Assessment of first-order-moment-based sample reconstruction method for design flood estimation in changing environment

doi: 10.1016/j.wse.2023.05.001

This work was supported by the National Key Research and Development Program of China (Grant No. 2018YFC1508001), the National Natural Science Foundation of China (Grant No. 51709073), and the Fundamental Research Funds for the Central Universities of China (Grant No. B220202031).

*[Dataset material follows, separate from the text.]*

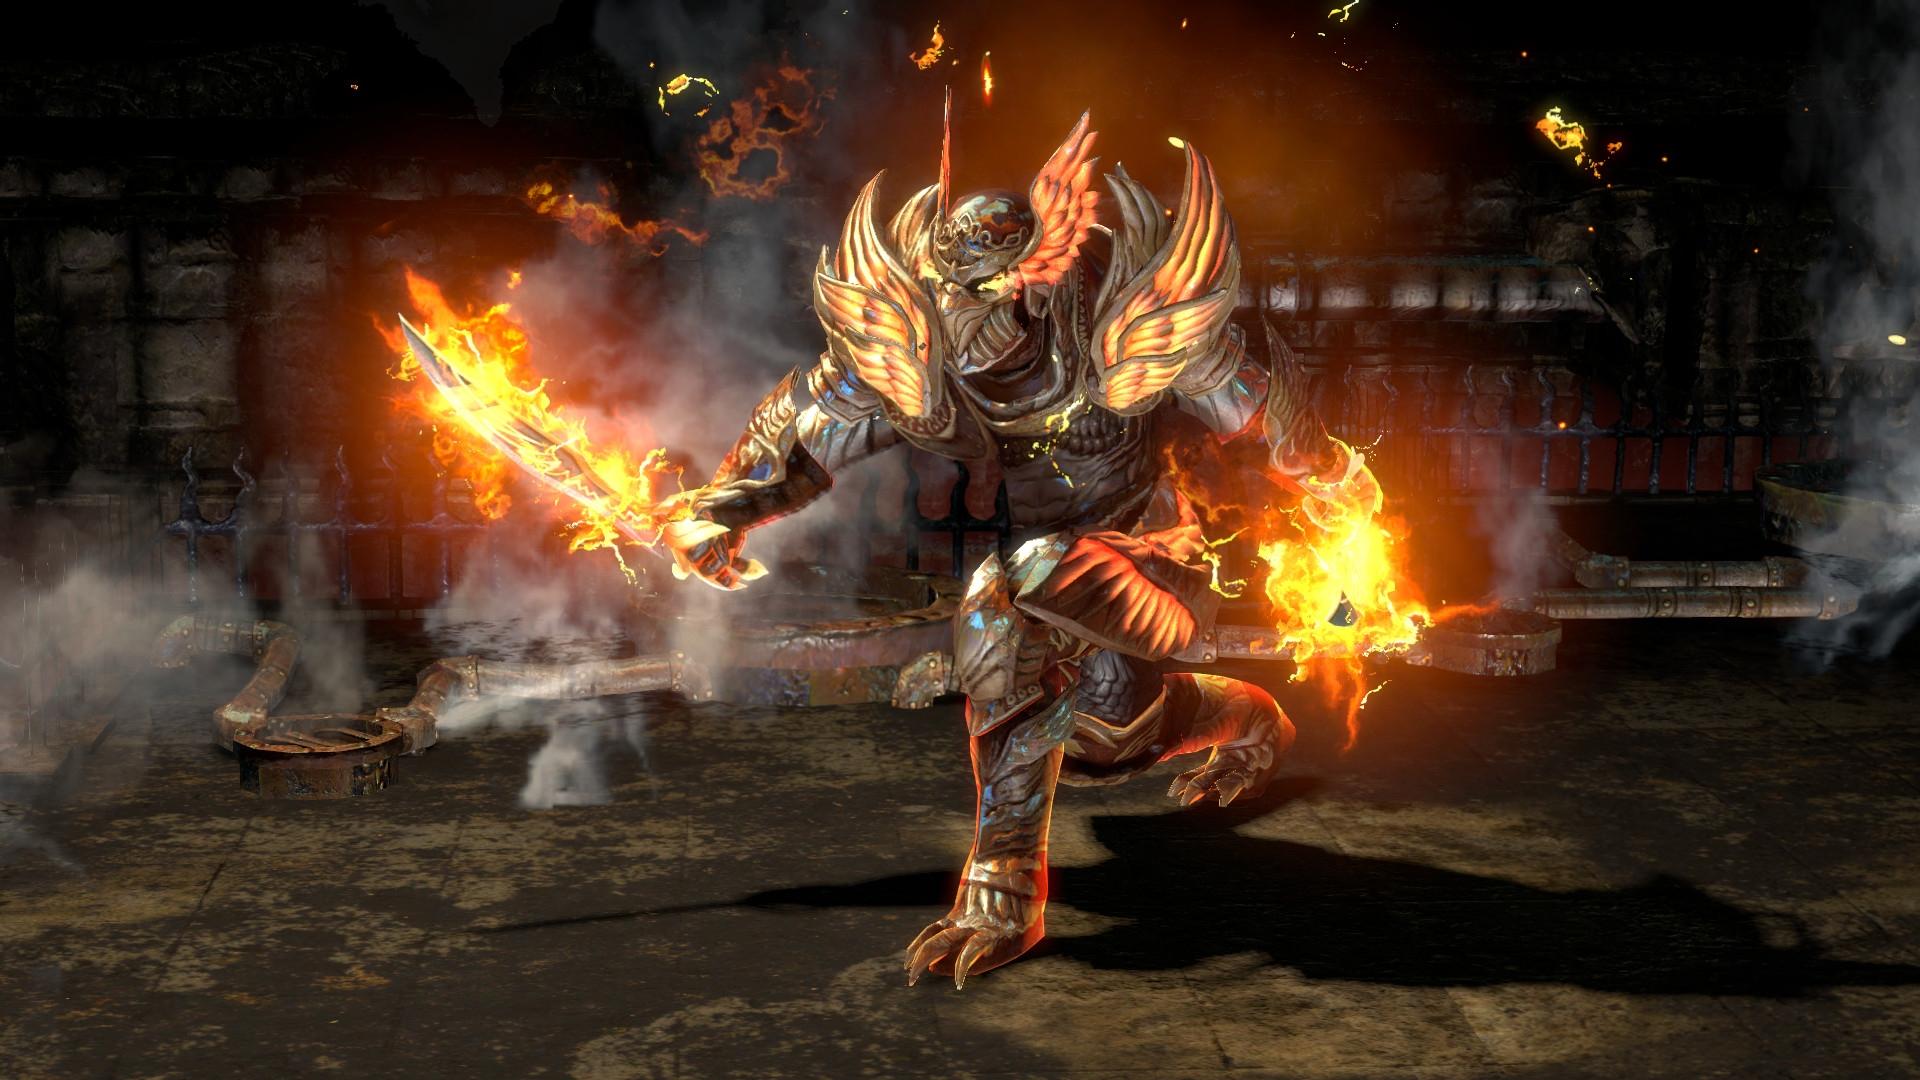 Релиз Path of Exile на PS4 перенесён на следующий год

  • Received Date: 2021-12-29
  • Accepted Date: 2023-05-22
  • Rev Recd Date: 2023-04-21
  • Estimating the design flood under nonstationary conditions is challenging. In this study, a sample reconstruction approach was developed to transform a nonstationary series into a stationary one in a future time window (FTW). In this approach, the first-order moment (EFTW) of an extreme flood series in the FTW was used, and two possible methods of estimating EFTW values in terms of point values and confidence intervals were developed. Three schemes were proposed to analyze the uncertainty of design flood estimation in terms of sample representativeness, uncertainty from EFTW estimation, and both factors, respectively. To investigate the performance of the sample reconstruction approach, synthesis experiments were designed based on the annual peak series of the Little Sugar Creek in the United States. The results showed that the sample reconstruction approach performed well when the high-order moment of the series did not change significantly in the specified FTW. Otherwise, its performance deteriorated. In addition, the uncertainty of design flood estimation caused by sample representativeness was greater than that caused by EFTW estimation.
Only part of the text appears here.